I started the stakeout on a cold, dark January morning, and I hated my life. I realized that I was doing the same type of work that I had done 16 years earlier, and I still hated the circumstances that always surrounded construction stakeout.
First, there was always a lot of pressure. Everyone needed their stakeout done immediately, and the surveyor had to be quick and accurate. The equipment and crews were usually sitting on the job site, waiting on the stakes so they could begin their work. The foremen rarely planned ahead so it was the surveyor’s fault if work was paused. The stakes had to be correct, precise, and accurate. If concrete got poured in the wrong place, there was hell to pay to get it removed and replaced. It seems conditions on a construction site are always the worst—either muddy or dusty. Bare earth is not the optimal surface for working.
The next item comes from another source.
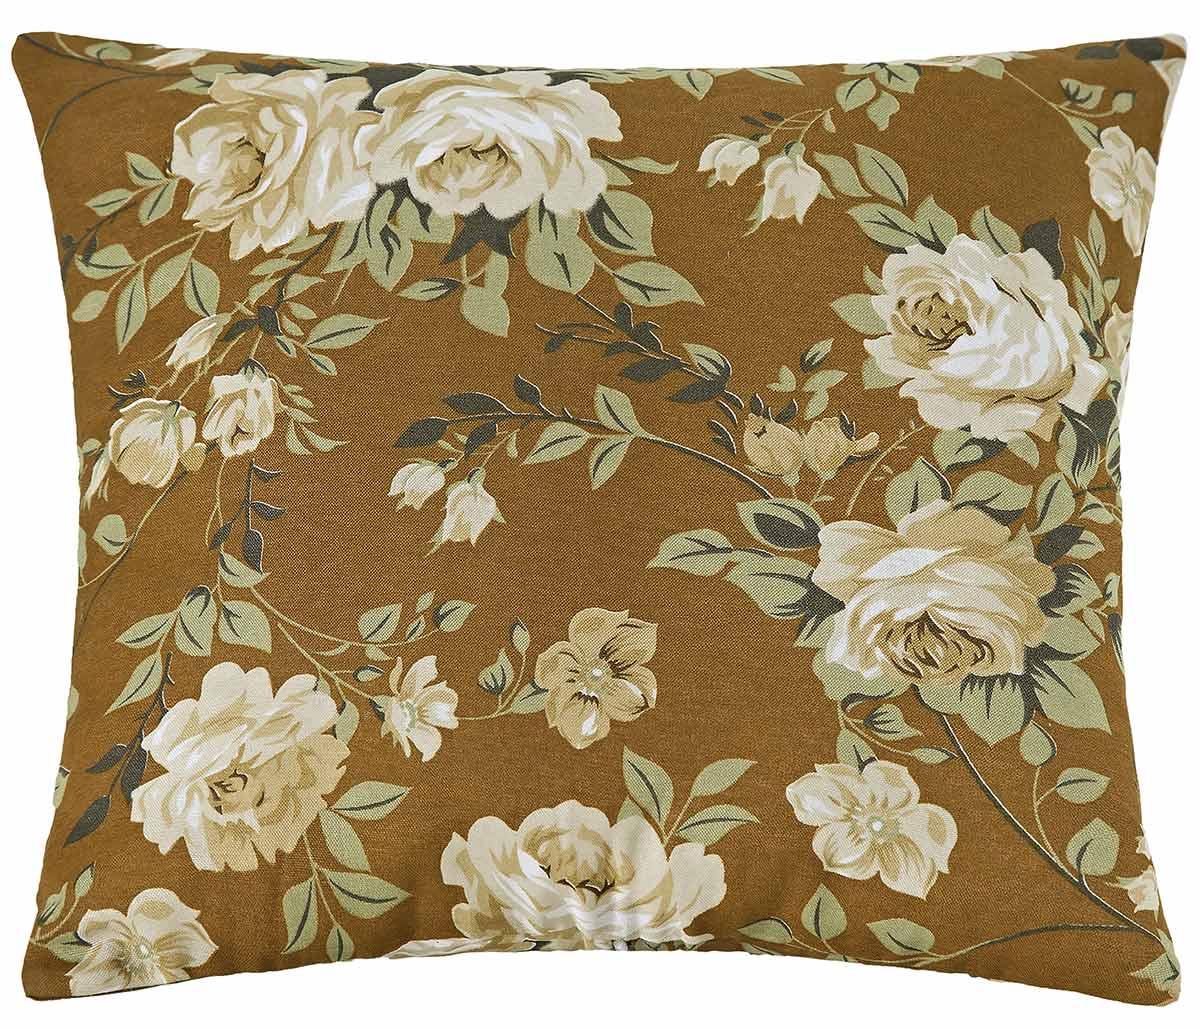 Almofadas Avulsa 40cm x 40cm  Floral Estampado com 1 peças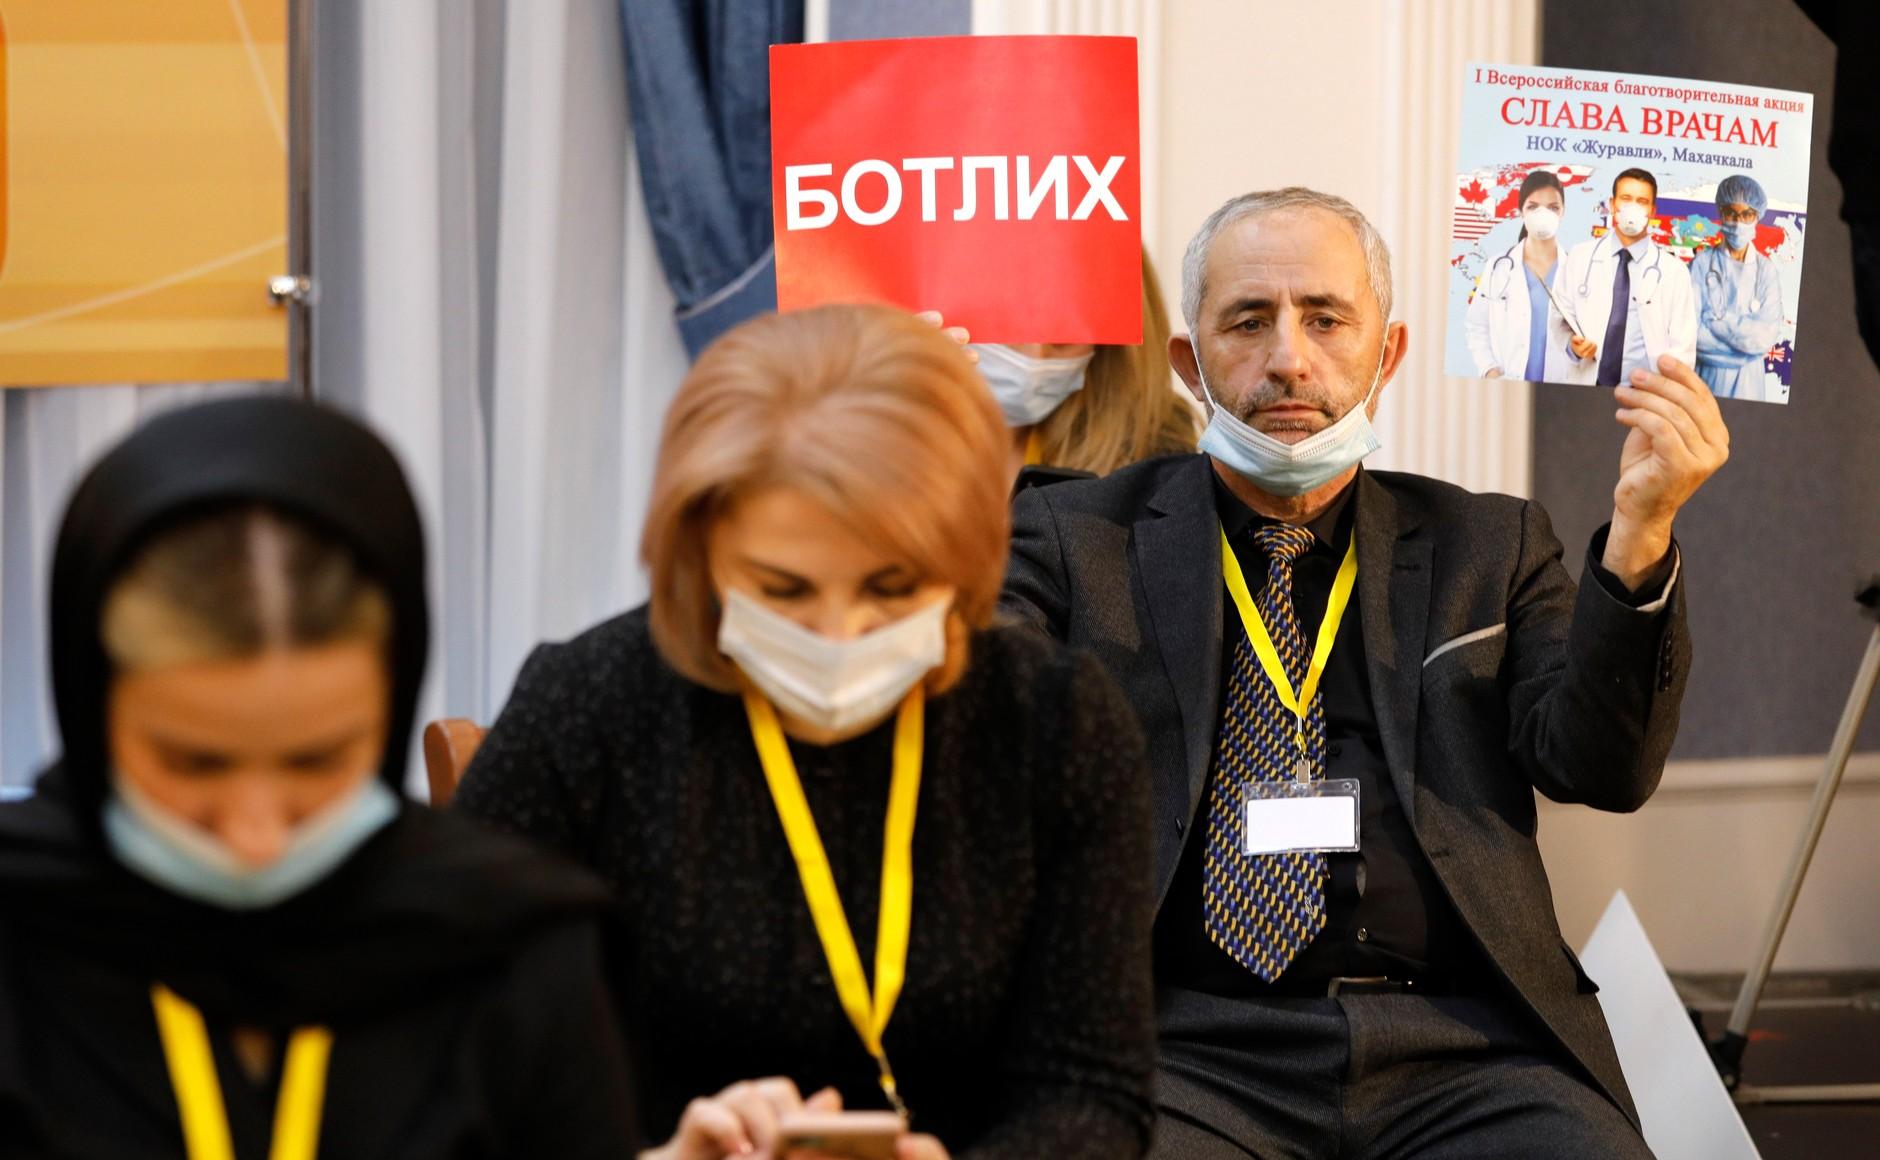 RUSSIE 17.12.2020.CONFERENCE 47 XX 66 Avant le début de la conférence de presse annuelle de Vladimir Poutine.

Secondly, the noise on a construction site is always of a decibel level not comfortable to the human ear. And these highway jobs are dangerous. The heavy equipment is always ripping around at a time-is-money pace, so you have to watch out for yourself.
One day as we were setting grade stakes along the toe of a cut slope, dump trucks were lining up to be filled by a huge Caterpillar front-loader. I don’t remember the model number, but anyone who has worked on big highway projects will know which one I mean—the one with tires about 10 feet in diameter and a catwalk around the enclosed cab. The trucks would come pulling up close to where I was setting stakes and then back into a line to be filled by the bucket, which held about four cubic yards of dirt.
I got used to hearing their engines with the fans whirring close to my back, so I quit turning around to see them. While I was getting a shot from the instrument at one stake, I kept my back to the noise of the engine and fan, simply holding the prism steady on the top of the stake, with the prism pole out to the side.
Suddenly, the prism pole was being knocked out of my hands by one of those 10-foot diameter wheels. I jumped to the side and looked up at the big Cat loader, which had the engine in the rear. I was thinking the engine that I had heard was the front of a truck and the driver would have seen me clearly. Instead the operator of the loader that was being backed up didn’t see me at all. When he did see me, he flinched as he realized I was there. I got the chills and then later the shakes when I realized how close I came to being squashed like a bug under an exceptionally large machine. I really hated that job then.
As surveyors, jobs like that come with the territory. But we also get to spend days in bucolic and Idyllic settings, which we are always thankful for, even though you can’t let your guard down on those days either. If it’s not a 250-ton CAT coming at you it might be an angry one-ton bull or a pound-and-a-half rattlesnake—all of which can ruin a surveyor’s day (or life).